Job sometimes failing due to library installation error of Pypi library
- Mark as New
- Bookmark
- Subscribe
- Mute
- Subscribe to RSS Feed
- Permalink
- Report Inappropriate Content
Wednesday
I am running a job on a Cluster from a compute pool that is installing a package from our Azure Artifacts Feed. My task is supposed to run a wheel task from our library which has about a dozen dependencies.
For more than 95% of the runs this job works fine, but every now and then it fails with a library installation error.

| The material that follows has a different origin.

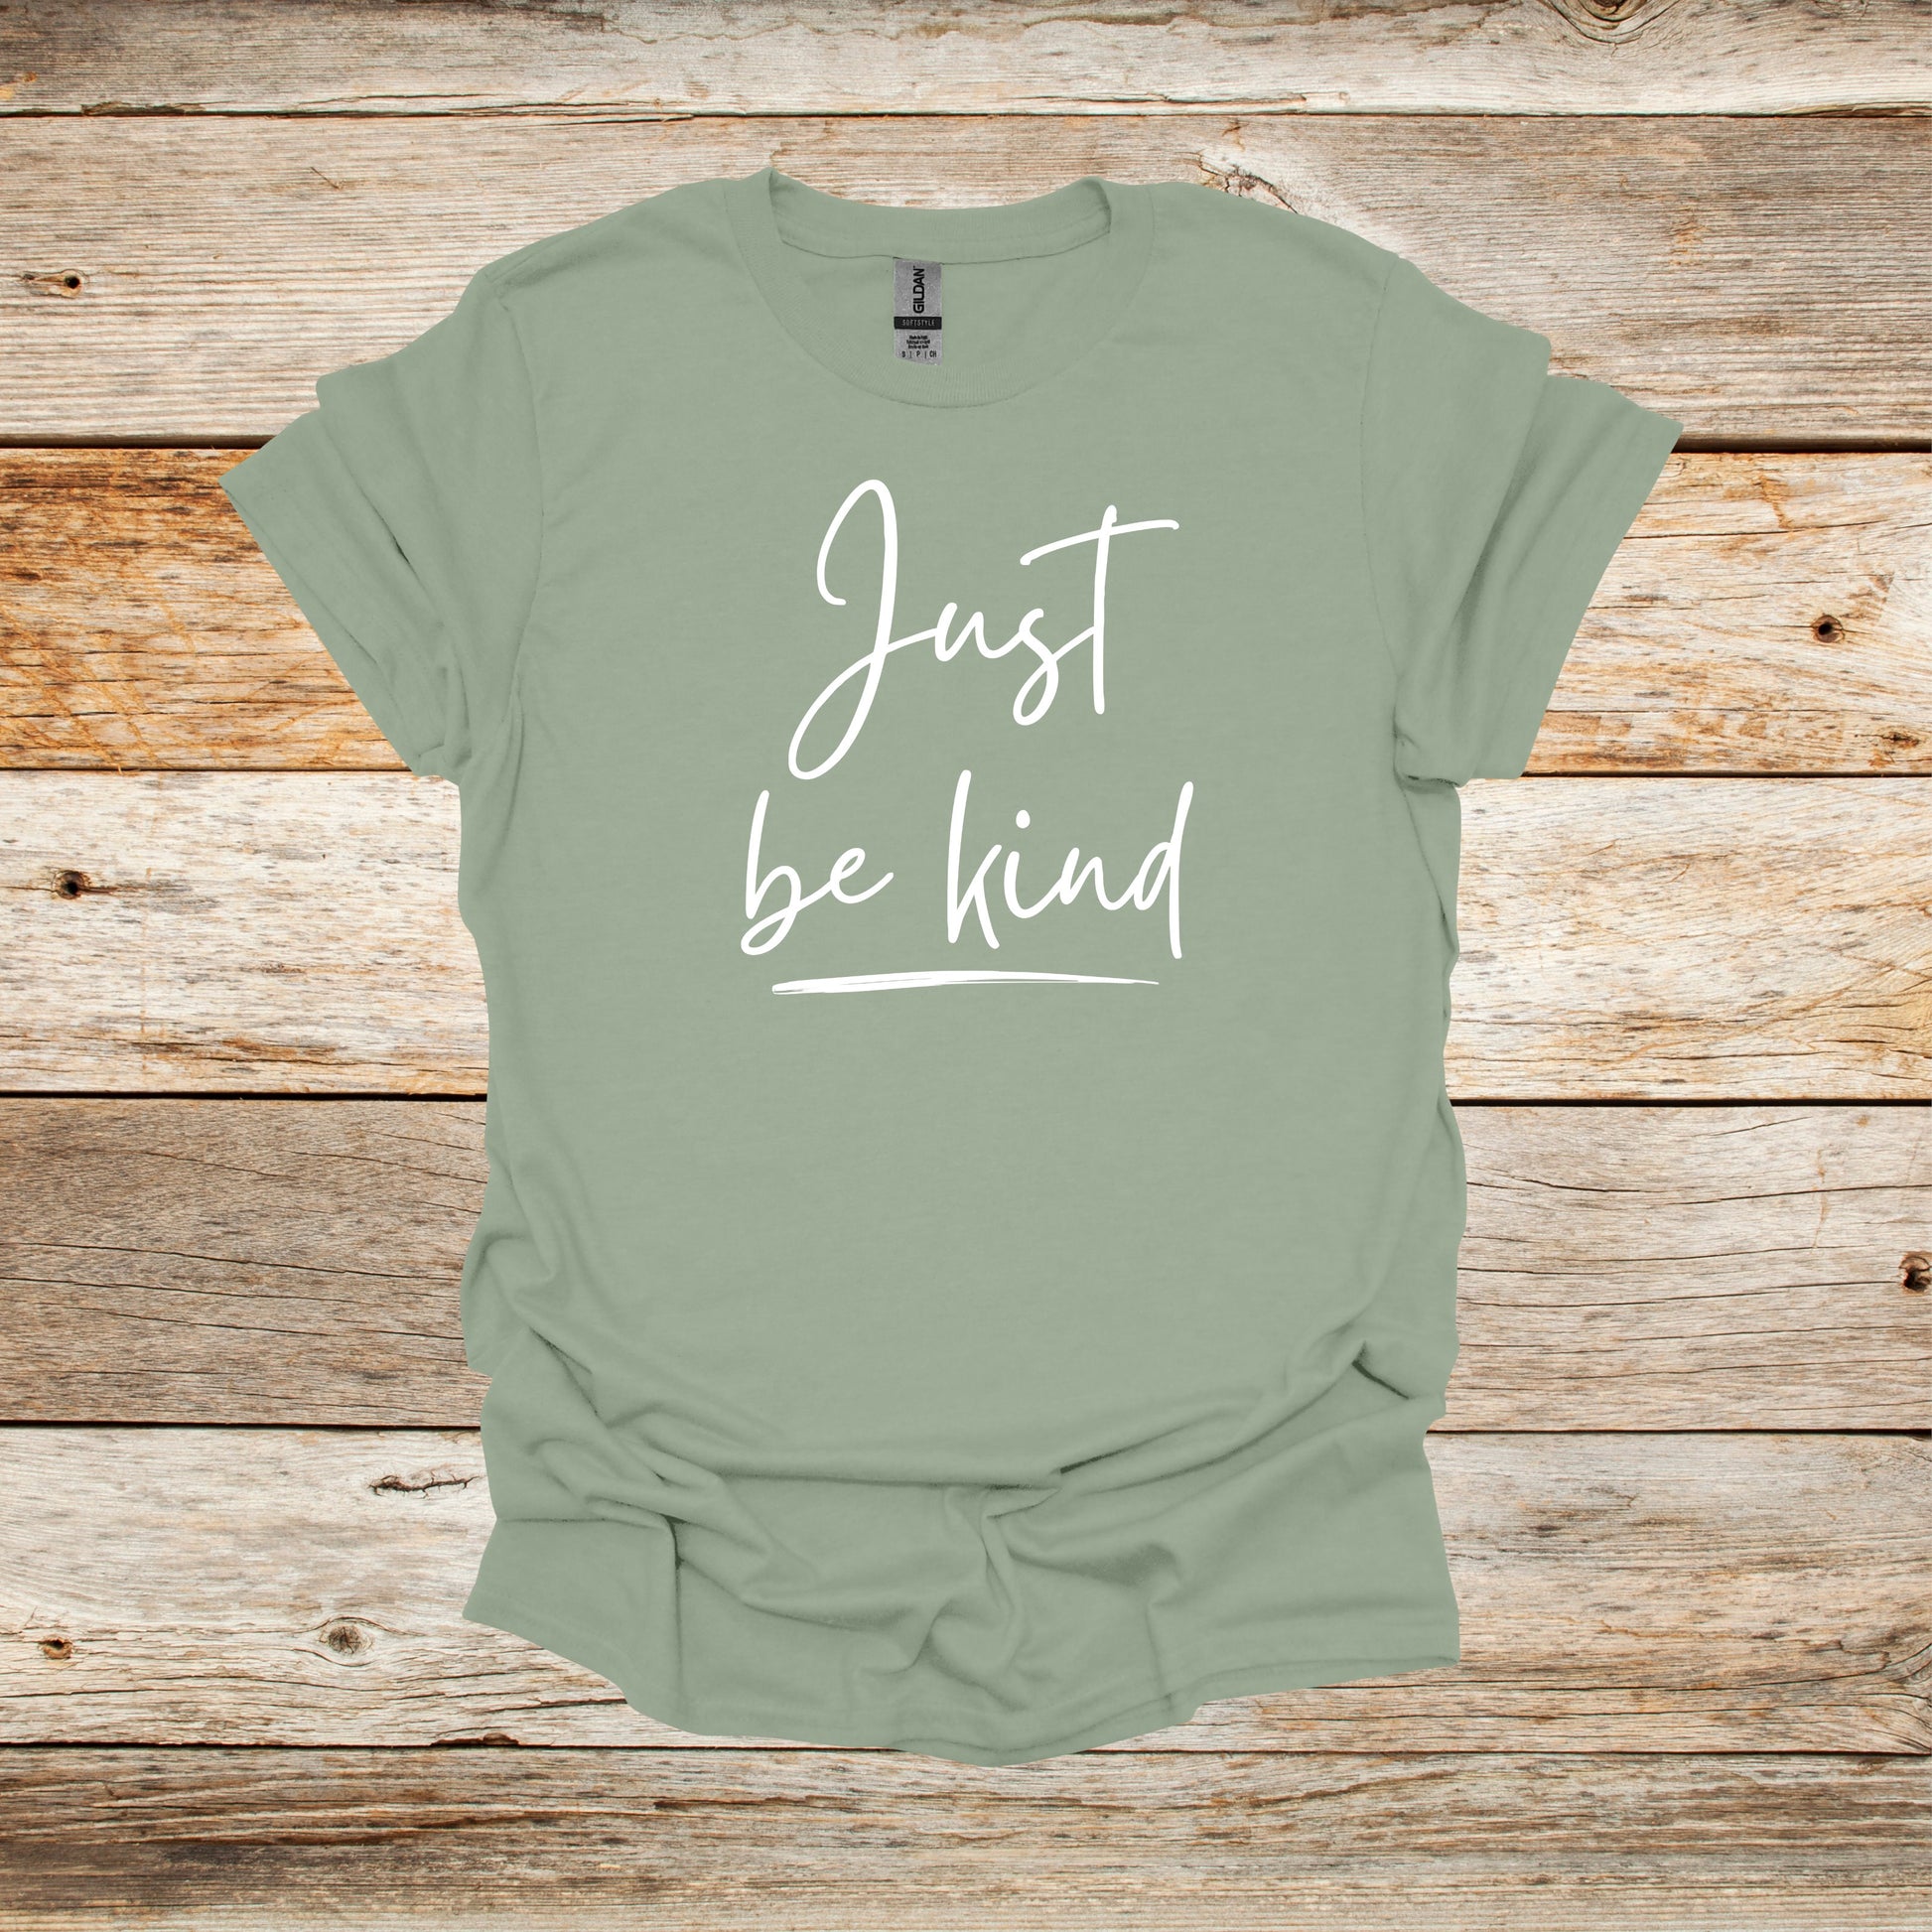 Sayings T-Shirt - Just Be Kind - Men's and Women's Tee Shirts - Sayings T-Shirts Graphic Avenue Sage Adult Small 
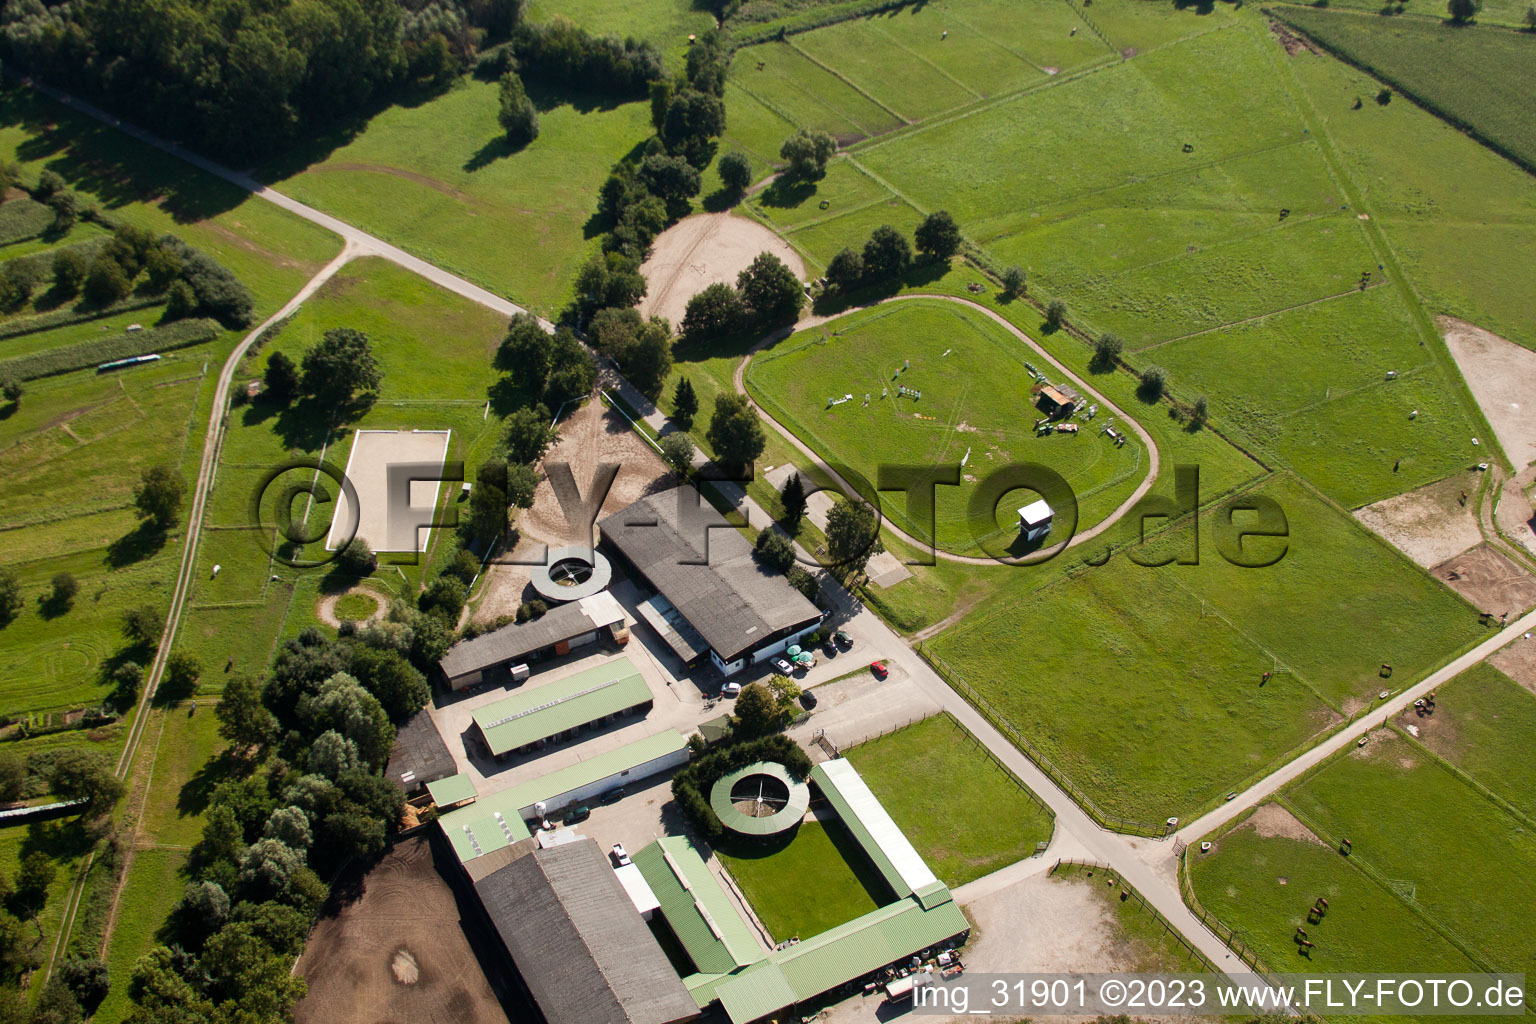 Schafhof horse farm in Muggensturm in the state Baden-Wuerttemberg, Germany out of the air

run failed with error message
Library installation failed for library due to user error for pypi {
package: "our-library"
repo: "our-feed"
}
Error messages:
Library installation attempted on the driver node of cluster id and failed. Please refer to the following error message or contact Databricks support. Error code: FAULT_OTHER, error message: org.apache.spark.SparkException:
java.lang.Throwable: Process List(/bin/su, libraries, -c, bash /local_disk0/.ephemeral_nfs/cluster_libraries/python/python_start_clusterwide.sh /local_disk0/.ephemeral_nfs/cluster_libraries/python/bin/pip install 'our-library' --index-url our-feed --disable-pip-version-check) exited with code 1. ERROR: THESE PACKAGES DO NOT MATCH THE HASHES FROM THE REQUIREMENTS FILE. If you have updated the package versions, please update the hashes. Otherwise, examine the package contents carefully; someone may have tampered with them.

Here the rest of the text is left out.